Work order: A verbatim copy of all the data is required; the pictures should not appear in it.

Information provided:
* * *

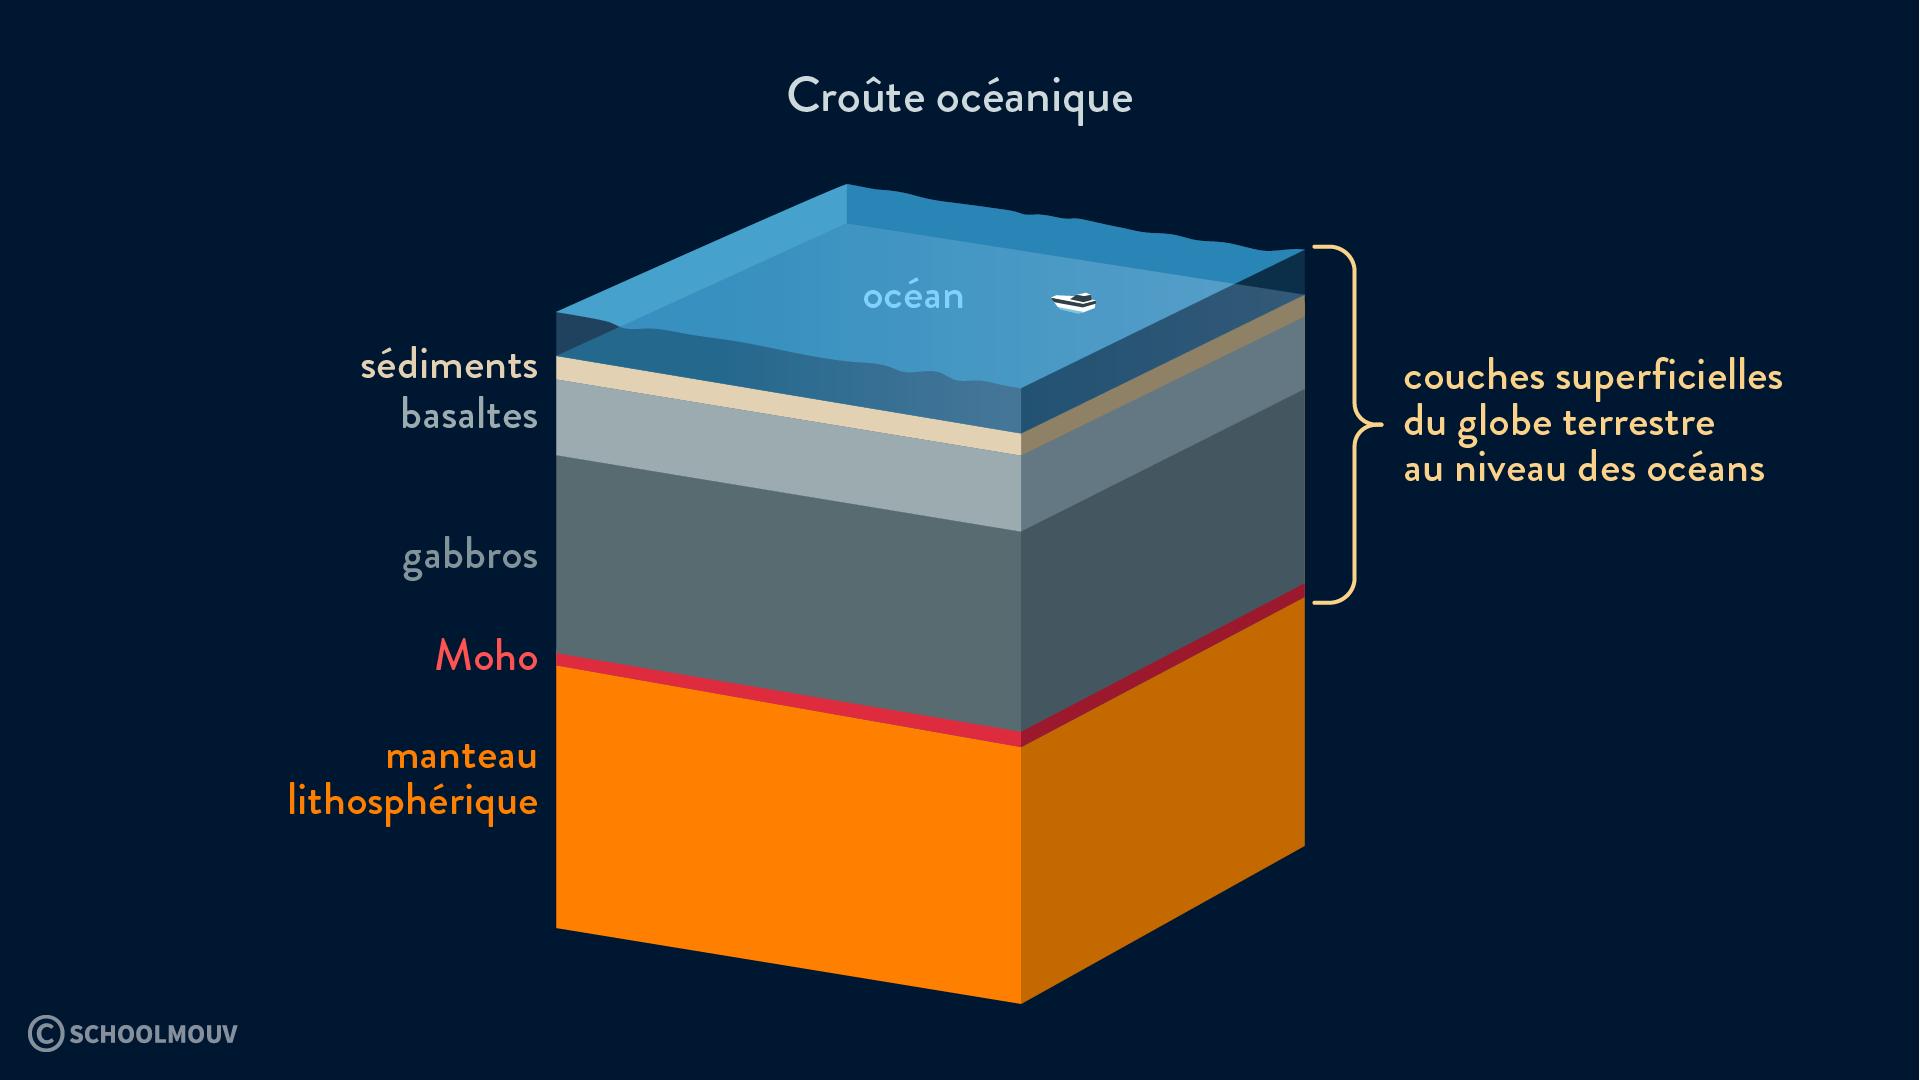 croûte océanique moho manteau sédiments
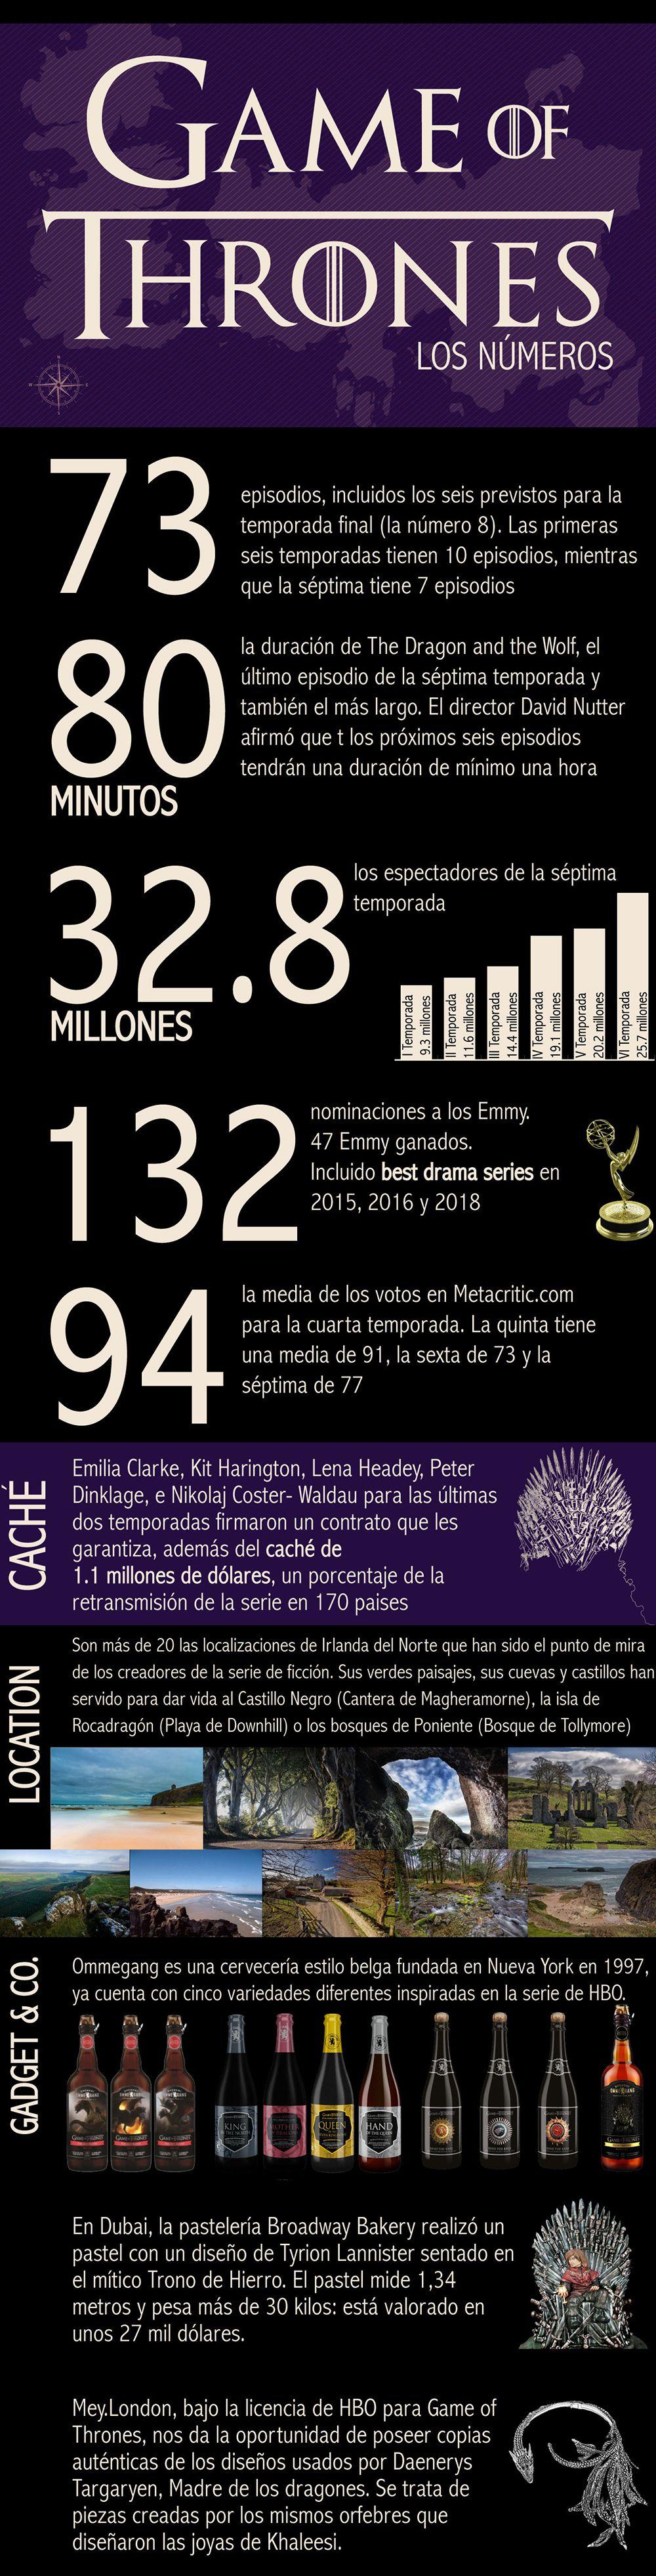 Infografía Juego de tronos - Los números
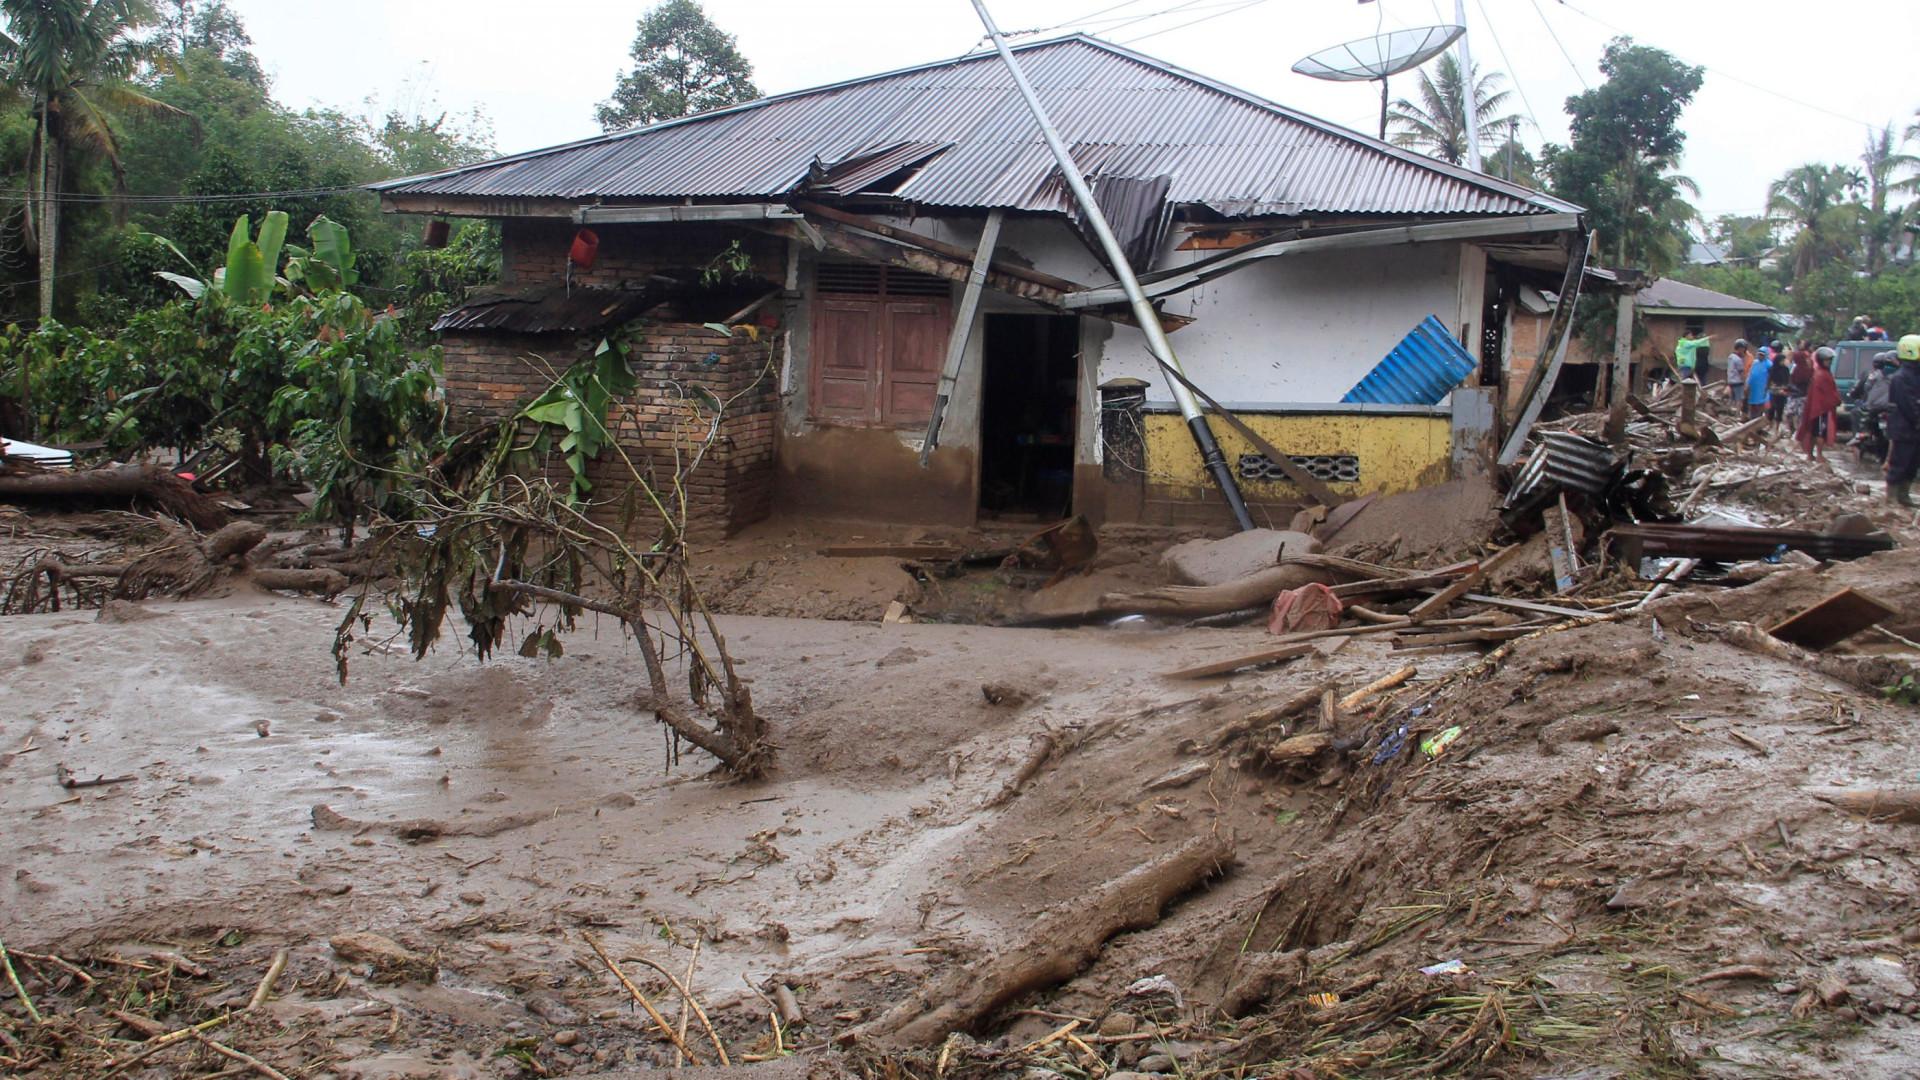 Cheias e deslizamentos de terra causam pelo menos 27 mortos na Indonésia

* * *

Response to this exercise:
 croûte océanique moho manteau sédiments
 Infografía Juego de tronos - Los números
 Cheias e deslizamentos de terra causam pelo menos 27 mortos na Indonésia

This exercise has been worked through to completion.